Vanderbilt Child Health Poll: Tennessee parents concerned about education, kids’ mental health as COVID-19 presses onby Evan Curran Jan. 22, 2021, 9:08 AM
The latest Vanderbilt Child Health Poll release found that many Tennessee parents are worried about the mental health of their children during the COVID-19 pandemic, and over 80 percent of parents had concerns about their children attending school remotely. The poll also revealed that schooling practices and mental health concerns have varied widely among Tennessee families of different racial and economic groups.
More than half (52 percent) of parents were worried about their child’s lack of social interaction with peers of the same age when school is held remotely. Nearly half (48 percent) are concerned about the lack of one-on-one attention from their child’s teacher. The most recent poll of more than 1,000 Tennessee parents was conducted in fall 2020.
In-person or virtual school varied widely by race. The latest poll report found that 58 percent of children in Black families were learning in a fully virtual environment, compared to just 23 percent of children in white families. Only 16 percent of Black parents reported their children were attending school in person compared to 43 percent of white parents.
“This raises serious equity concerns, given that low-income and historically underserved families will have fewer resources to ensure that their children have access to quality online educational opportunities,” said Carolyn Heinrich, Ph.D., Patricia and Rodes Hart Chair Professor of Public Policy and Education and associate professor of leadership, policy and organizations in the Peabody College at Vanderbilt University and professor of health policy in the School of Medicine. Heinrich is also a member of the Vanderbilt Center for Child Health Policy and led the poll report.
The poll asked parents about their concerns for their child’s mental health since March 2020, when the pandemic forced many schools into virtual or hybrid instruction settings and changed the structure of children’s educational and social lives.
The poll found an 8 percentage point increase—from 14 percent to 22 percent between 2019 and 2020—in parents reporting concerns their child may have anxiety.
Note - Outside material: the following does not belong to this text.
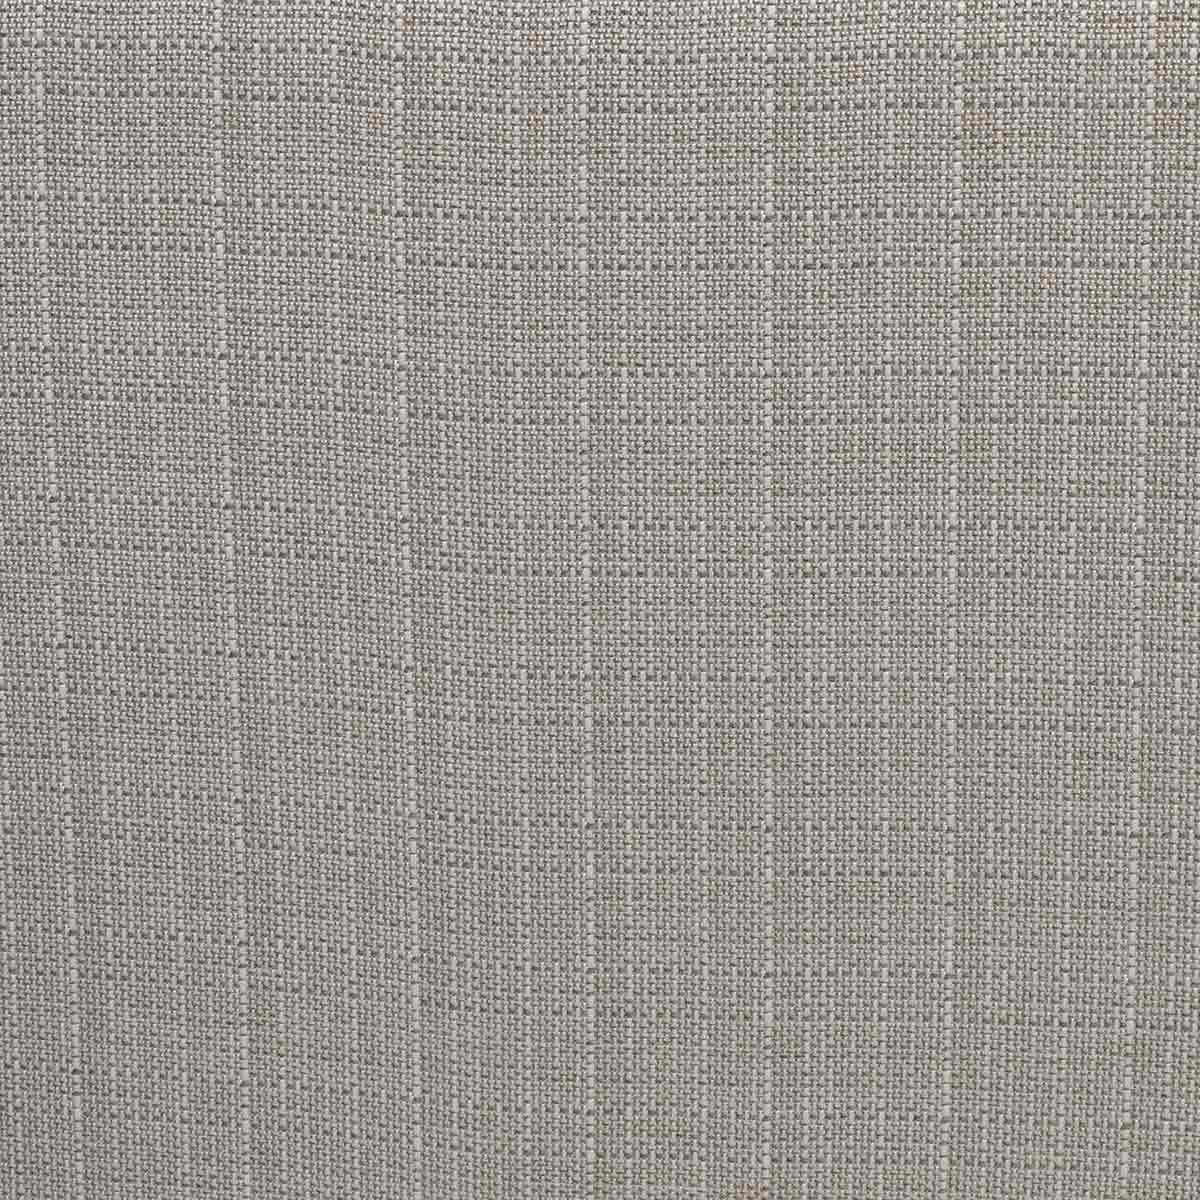 Hillsdale Lani Vanity Stool - Gray

Parental concerns about undiagnosed post-traumatic stress disorder (PTSD) rose from 2.4 percent to 5.3 percent.
There were also wide differences of socioeconomic status among those reporting concerns their child had undiagnosed anxiety, depression or stress. Nearly half of parents (48 percent) whose household annual incomes were below $25,000 reported concern for these diagnoses compared with less than a third of parents with higher incomes.
“Disruption of traditional schooling during the COVID-19 pandemic highlights the complexity of mental health in children. Schools provide an infrastructure for access to mental health care for many children, support that is at a minimum altered and potentially lost with virtual learning. Racial disparities in virtual versus in-person learning intersect with access to mental health resource within schools,” said Catherine Fuchs, M.D., professor of psychiatry and behavioral sciences and professor of pediatrics.
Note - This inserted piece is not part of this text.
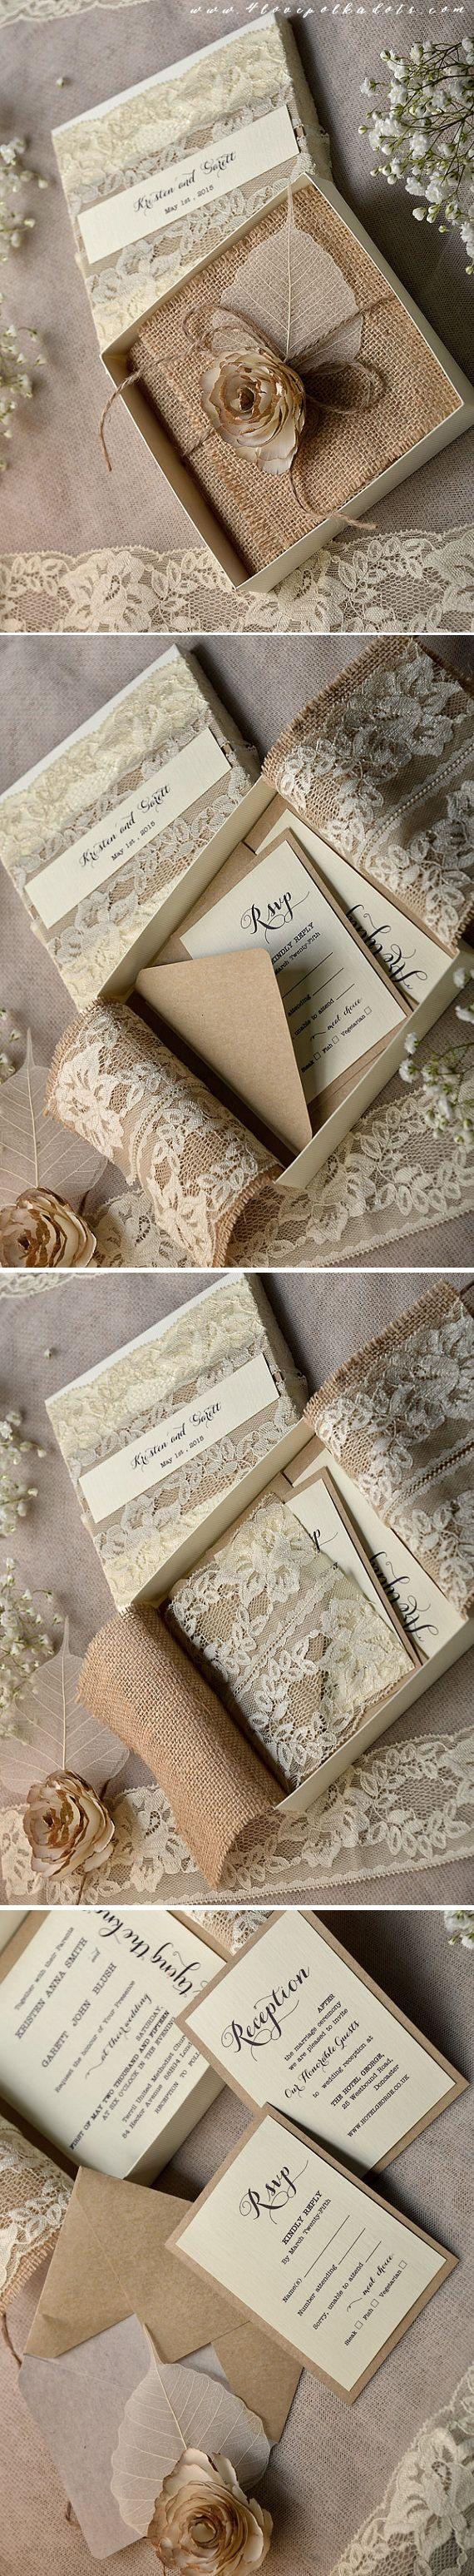 Wedding Invitation in a box Burlap

The findings suggest that the pandemic cut off or reduced access to important school-based health and social services that support child health, and that it perhaps had a greater negative impact on economically disadvantaged children.
Researchers recommend that educators at the local level think creatively to provide engagement opportunities—like virtual movie nights or virtual field trips—to address social challenges. Additionally, state educational agencies and policymakers should pursue every available resource, including federal funding programs, and reconsider previous legislation introduced in February 2020 to expand a mental health trust fund for all 95 Tennessee counties. Educational systems need to partner with mental health systems to ensure access to care, such as telehealth, and engagement in care when faced with logistical, social and emotional barriers.
“Families need strong supports to help deliver online learning well in the home, and school districts that are most resource-constrained are least likely to be able to provide those supports,” Heinrich said.
About the Vanderbilt Child Health Poll
The Vanderbilt Child Health Poll aims to understand the concerns and experiences of Tennessee parents. The poll was conducted among 1,066 parents statewide and explores parental concerns as a mechanism to inform the public and policymakers of the challenges faced by Tennessee’s children. The Vanderbilt Poll for Child Health is sampled to be representative of Tennessee families and covers a variety of child health issues.
About Vanderbilt Center for Child Health Policy
The Vanderbilt Center for Child Health Policy strives to improve the well-being of children and families through research that transforms clinical care and public health policy. CCHP is a multidisciplinary center comprised of teams with expertise in neonatology, pediatrics, obstetrics, health policy, biostatistics, economics, implementation science and public health from across Vanderbilt University and Vanderbilt University Medical Center. CCHP focuses on conducting and disseminating salient children’s health research, informing evidence-based policy and building partnerships among clinicians, researchers, policymakers and the public.